Wednesday, October 26, 2016

Twilight's Last Gleaming - 1977 - Aldrich



Robert Aldrich is certainly a Hollywood director worthy of a second look. Among the diverse types of films he directed were: Vera Cruz, Kiss Me Deadly, Attack!, Whatever Happened to Baby Jane?, The Dirty Dozen and Ulzana's Raid.

Toward the end of his career, in 1977, he directed Twilight's Last Gleaming.

This is a film in which a renegade Air Force general takes over a missile silo complex and threatens to launch 9 nuclear missiles at Russia unless the President of the US makes a secret document concerning the origins of the Vietnam War known to the American people.

What's amazing to me is that people believed, in 1977, that a disclosure of information to the American people might change anything. Indeed, information has been disclosed about the origins of the Vietnam War and barely a ripple was ever made due to it. Wikileaks has disclosed damning information about a major political candidate, and she will probably become the next president.

Lesson to be learned: information disclosure, in itself, changes nothing.

It is now part of the historical record that Lyndon Baines Johnson used a minor skirmish in the Gulf of Tonkin as a pretext to begin a major war against a technologically under-developed country of Buddhist farmers, in which over 50,000 Americans were killed as well as over 2 million Vietnamese (and other SE Asians).

So not only did/do Americans know of this, but Americans knew about Agent Orange and napalm as well as the Mai Lai Massacre.
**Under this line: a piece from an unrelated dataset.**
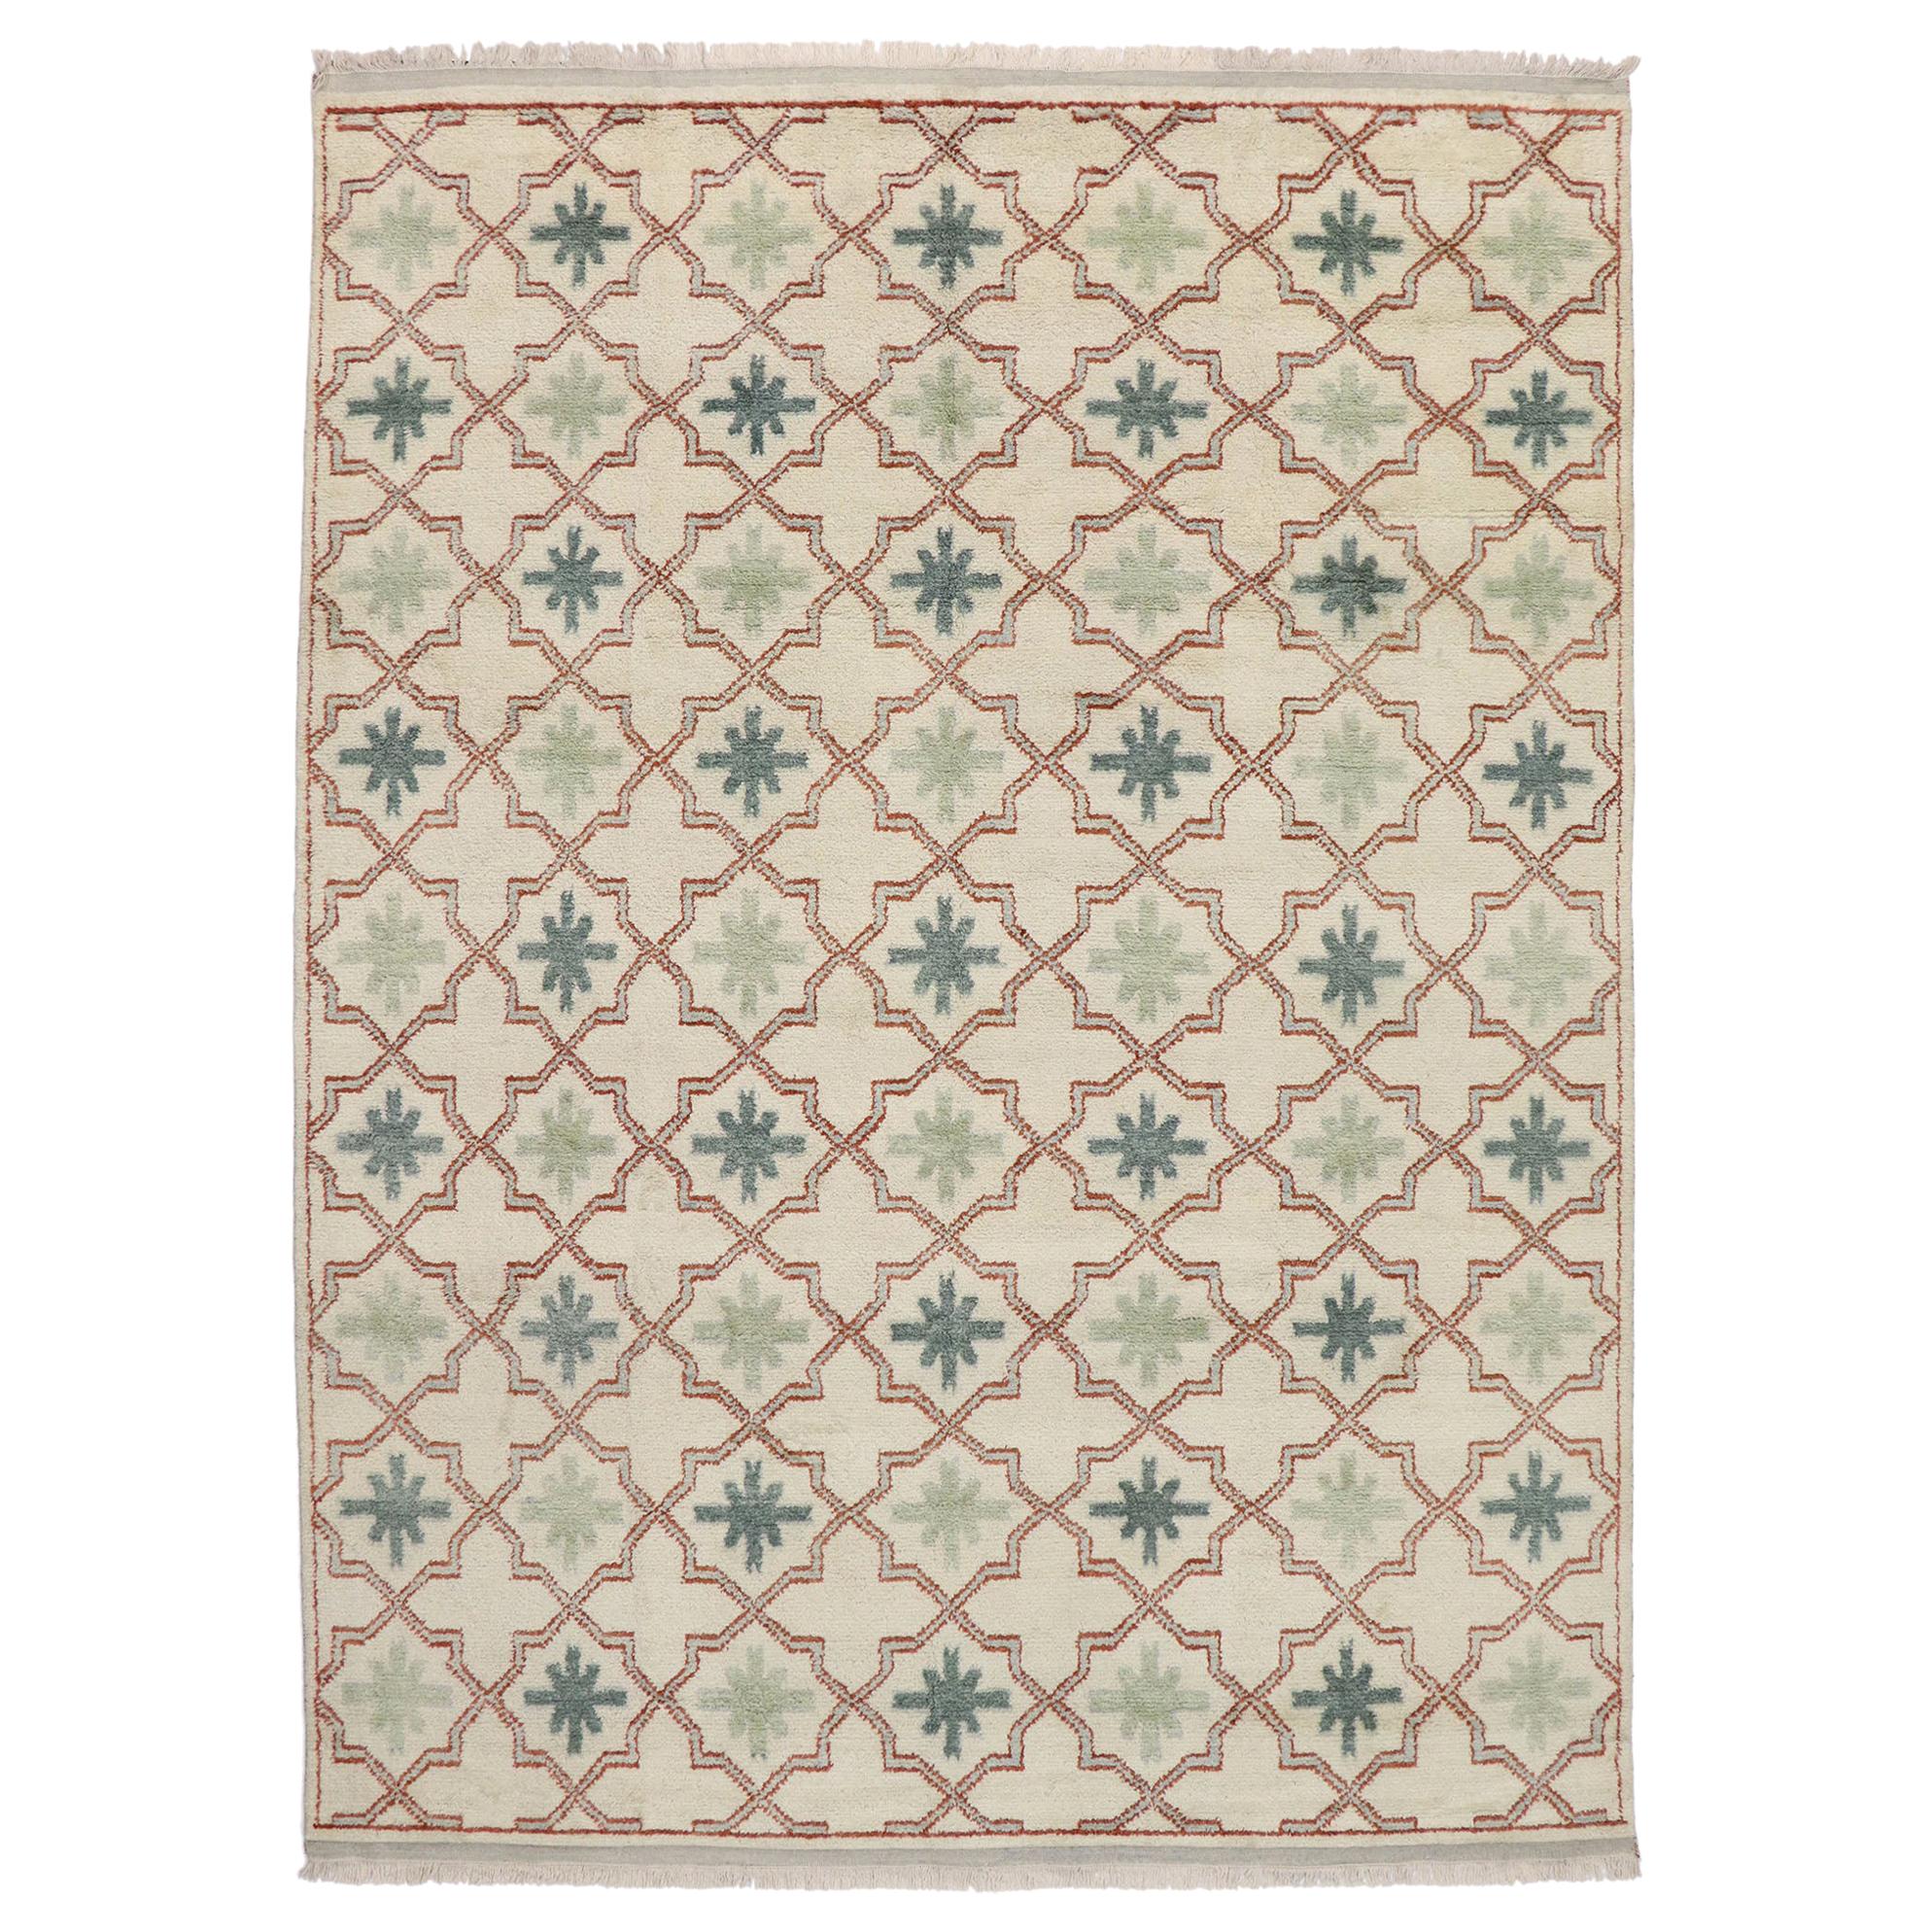 New Contemporary Moroccan Rug with Modern Mediterranean Style

After photos of that massacre were released, over 50% of Americans still supported the war and objected to the prosecution of an officer involved in the killing of innocent Vietnamese civilians.

If the president, in this film, had disclosed the secret documents at the end of this film, America would have greeted these materials with a vast, collective yawn.

The very ending seemed the most interesting to me in which characters begin to speculate that there is a source of power even greater than the US President and that the president is considered expendable to this source of power. I am not convinced there is one organized source, but there certainly are enough folks with shared interests to sway things if they want to.

An adventure/thriller worth watching from the ever thoughtful perspective of Robert Aldrich.